Source	Product	Complexity	Description
Zymo	D6331	Medium	Gut Microbiome Standard (21 strains)
Zymo	D6300	Low	Microbial Community Standard (8 bacteria, 2 yeast)
ATCC	MSA-1002	Medium	20 Strain Even Mix
ATCC	MSA-1003	Medium	20 Strain Staggered Mix
NIST	RM 8376	High	Microbial Pathogen DNA Standard

Benchmarking Challenges (Synthetic)

CAMI Challenge: Toy Datasets (Low/Med/High Complexity)
Genome in a Bottle: HG002 (Ashkenazi Trio) - Standard for variant calling.

Simulation Targets

For internal testing, we target the following simulation profiles:

Depth: Low (10x), Medium (100x), High (1000x)
Diversity: Isolate, Defined Community (10), Complex Community (100+)
Abundance: Even, Random, Log-normal (staggered)

Rhizomorph Real Genome Benchmarks

Rhizomorph k-mer sweep assembly was evaluated against six real viral and viroid reference genomes spanning three orders of magnitude in size. Results were collected on 2026-03-25 using benchmarking/real_genome_benchmark.jl. Each genome was assembled from the reference sequence directly (no simulated reads) across k ∈ {11, 15, 21, 25, 31}.

Genomes tested

Genome	Accession	Size (bp)	Type	Tier
PSTVd	NC_002030	359	RNA	1
CCCVd	NC_003540	246	RNA	1
HSVd	NC_001351	297	RNA	1
PhiX174	NC_001422	5,386	DNA	2
Lambda	NC_001416	48,502	DNA	2
T4	NC_000866	168,903	DNA	2

Tier 1 — Viroids (RNA, 246–359 bp)

All three viroids assembled to exactly 2 contigs at every k value tested. Total assembly length equals 2× the reference, and N50 equals the reference length. This is the expected single-sequence self-assembly behavior: the k-mer graph contains both the forward sequence and its reverse complement as separate Eulerian paths. Runtimes were sub-second for all runs.

Genome	Ref (bp)	k	Contigs	Total (bp)	N50	Runtime (s)
PSTVd	359	11	2	718	359	1.25
PSTVd	359	31	2	718	359	1.06
CCCVd	246	11	2	798*	399	0.006
CCCVd	246	31	2	798*	399	0.006
HSVd	297	11	2	604	302	0.004
HSVd	297	31	2	604	302	0.004

* The benchmark hardcodes ref_size=246 for CCCVd but the actual downloaded NC_003540 sequence is 399 bp; the genome fraction and size comparison columns used the wrong denominator.

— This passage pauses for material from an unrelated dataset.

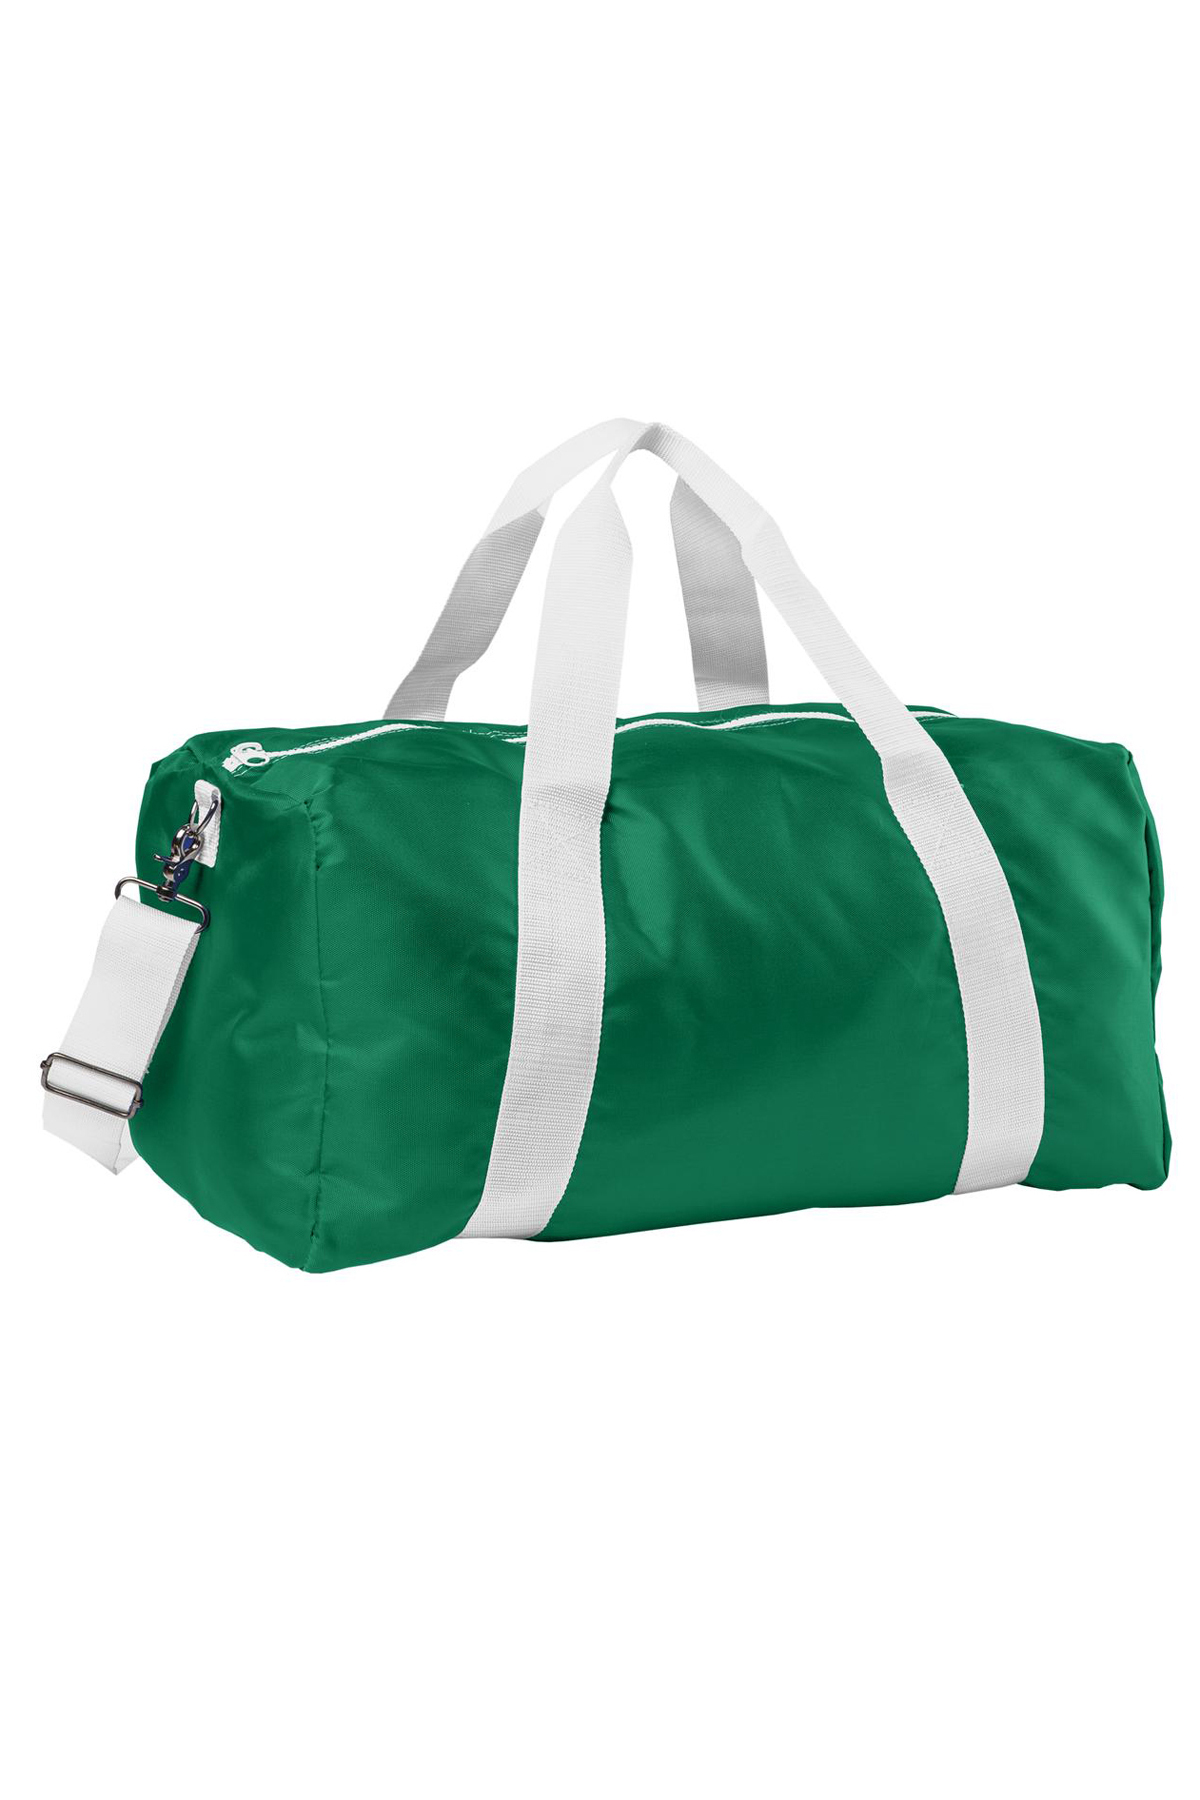 Bags-Duffels-23

The benchmark script has since been updated to measure actual reference size from the downloaded FASTA rather than relying on hardcoded values.

Tier 2 — Bacteriophages (DNA, 5–169 kb)

Assembly quality improves with k for all three phages.

PhiX174 (5,386 bp)

Clean assembly (2 contigs, full coverage) at k ≥ 15. At k = 11 the graph is fragmented into 46 contigs due to abundant short repeats at that resolution.

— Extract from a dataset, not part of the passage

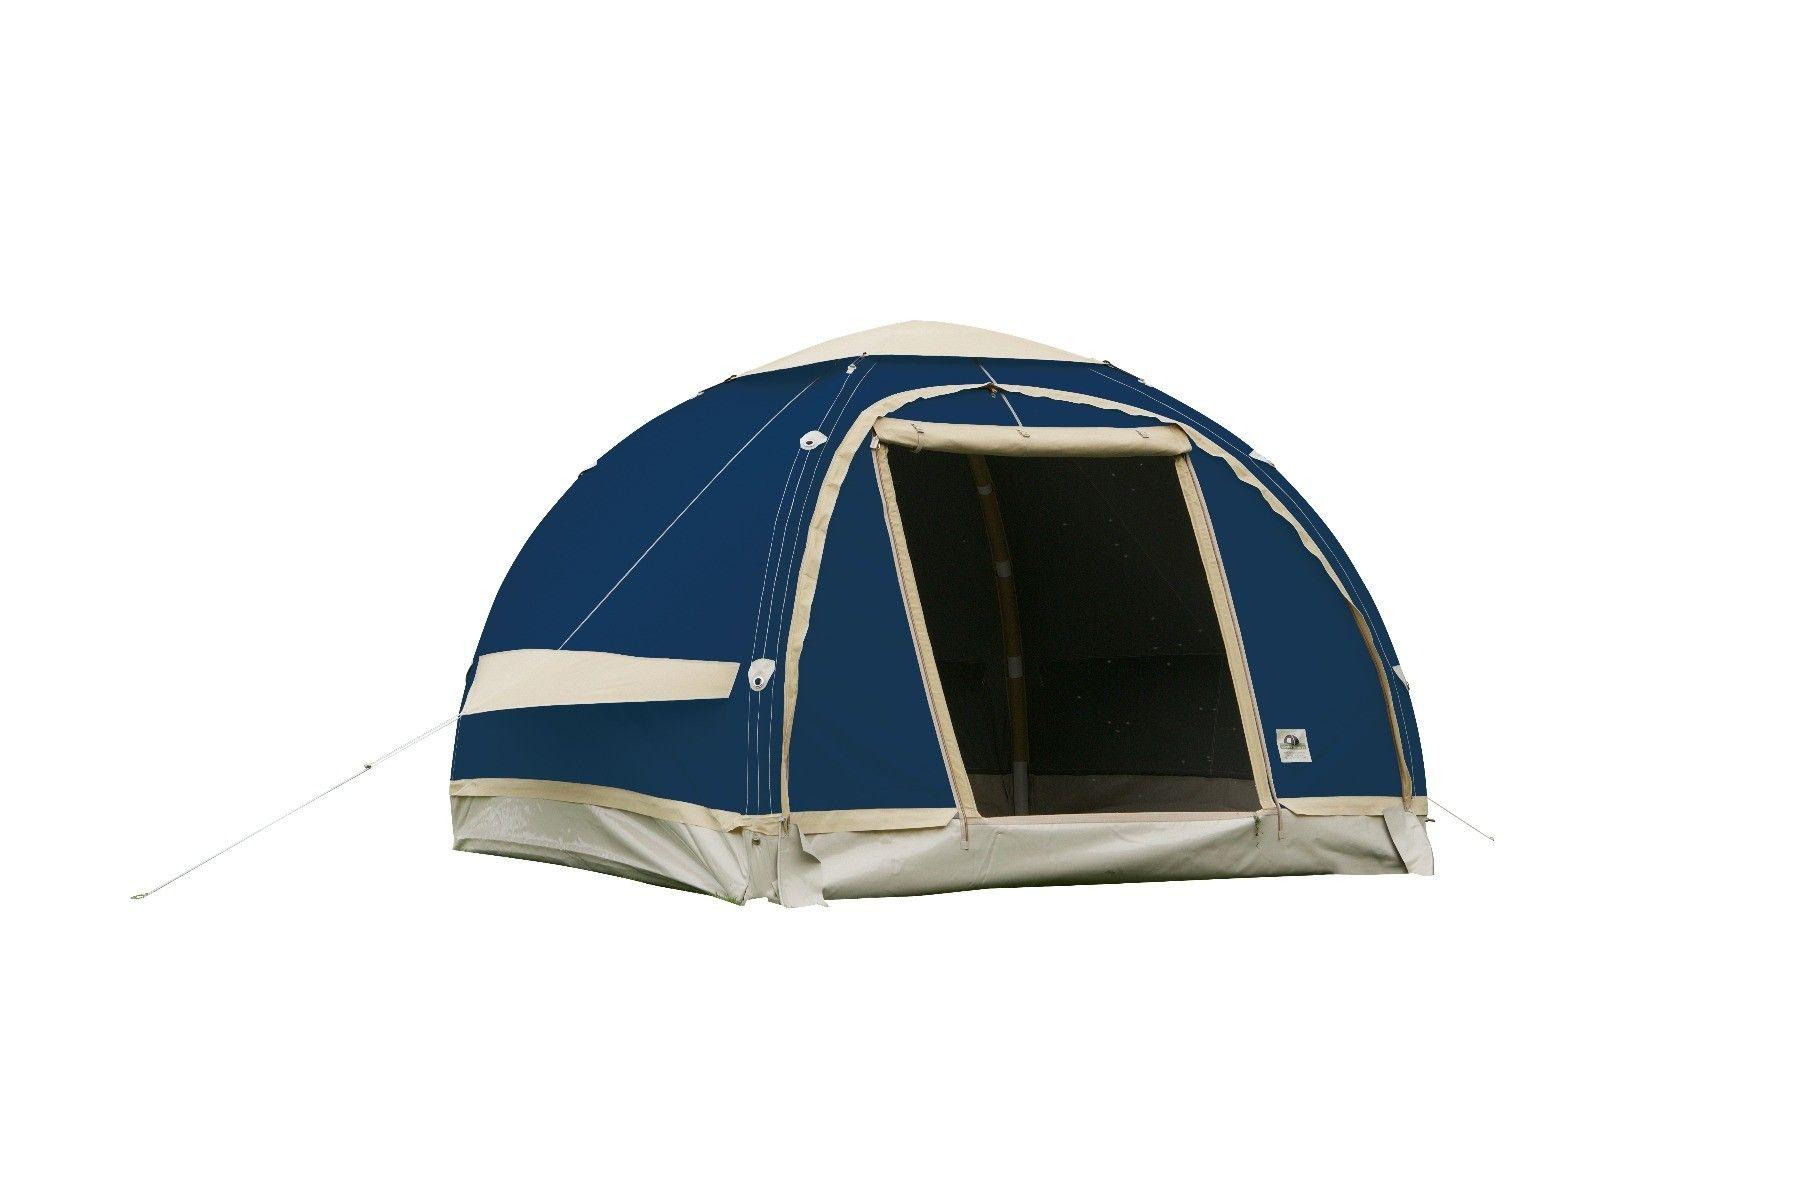 Karsten Air tent 220

k	Contigs	Total (bp)	N50	Runtime (s)
11	46	11,180	501	1.48
15	2	10,772	5,386	1.12
21	2	10,772	5,386	1.17
25	2	10,772	5,386	1.10
31	2	10,772	5,386	1.29

Lambda phage (48,502 bp)

Full-length assembly (2 contigs) achieved at k ≥ 21. At k = 11 the graph shatters into 2,670 contigs; k = 15 reduces this to 21 with N50 of 9.3 kb.

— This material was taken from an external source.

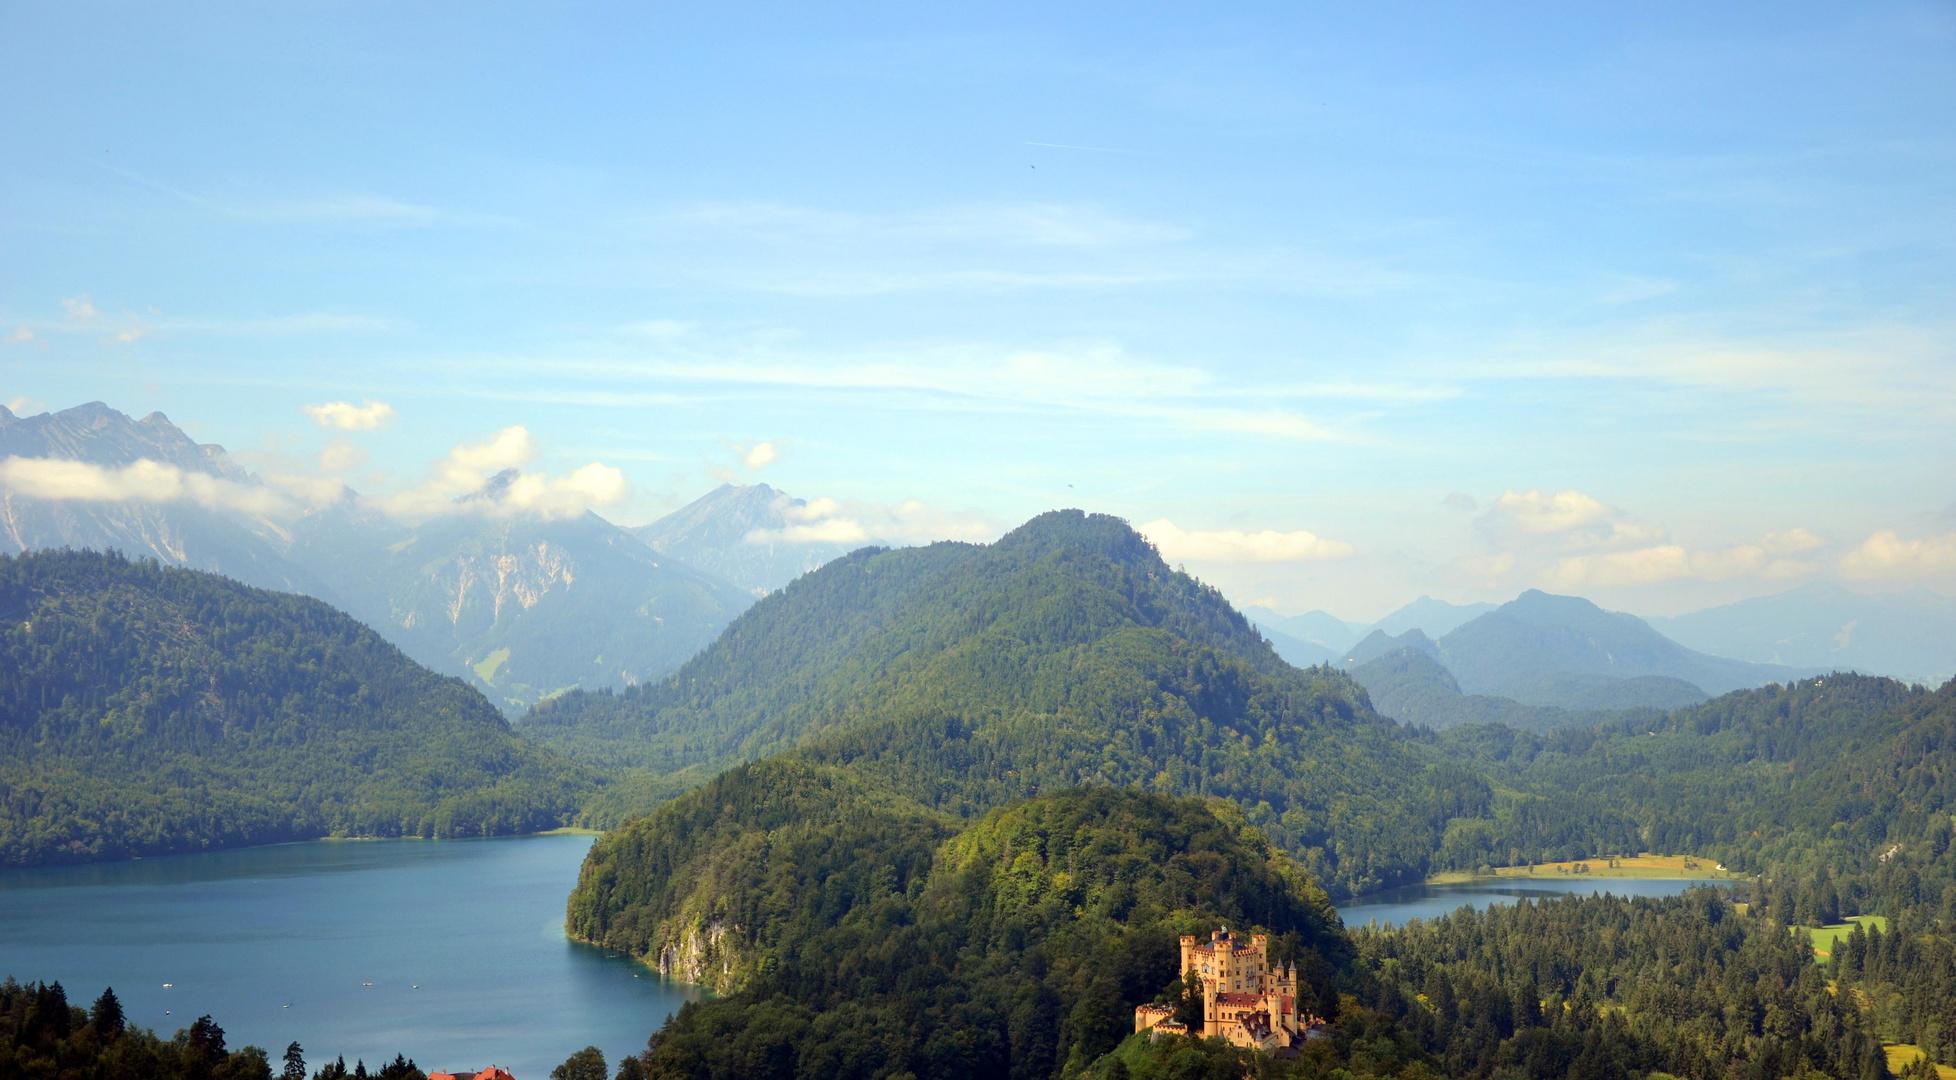 Blick auf den Alpsee in Hohenschwangau

k	Contigs	Total (bp)	N50	Runtime (s)
11	2,670	121,237	61	557
15	21	97,257	9,346	214
21	2	97,004	48,502	244
25	2	97,004	48,502	176
31	2	97,004	48,502	233

T4 phage (168,903 bp)

T4 remains fragmented at all k values due to its extensive repetitive elements. Assembly quality improves steadily with k, reaching 17 contigs and N50 of 27 kb at k = 31. Full contiguity will require repeat-aware strategies or longer k values.

k	Contigs	Total (bp)	N50	Runtime (s)
11	10,981	264,030	27	1,415
15	219	171,289	1,693	1,262
21	39	169,366	9,740	778
25	25	169,246	23,384	816
31	17	169,195	27,046	1,205

Known limitations in this benchmark

GC content is reported as 0.0 for all genomes due to a type mismatch in assembly_metrics when working with String-typed Rhizomorph contigs. This does not affect contiguity or length metrics.
Genome fraction exceeds 100 % for single-sequence inputs because Rhizomorph self-assembly produces both the forward and reverse-complement paths; QUAST counts both against the reference.
Runtimes reflect wall time on a single laptop core and include NCBI download overhead for the download phase.

To reproduce:

julia --project=. benchmarking/real_genome_benchmark.jl --tier 2

Raw CSV results are archived under benchmarking/results/real_genome_benchmark_*.csv.

Coming Soon

Assembler comparison results across Rhizomorph, MEGAHIT, and metaSPAdes on the standard synthetic fixtures
Memory usage profiling for large-genome assemblies
Accuracy assessments against Genome in a Bottle reference calls

For current benchmarking code, see the benchmarking directory in the repository.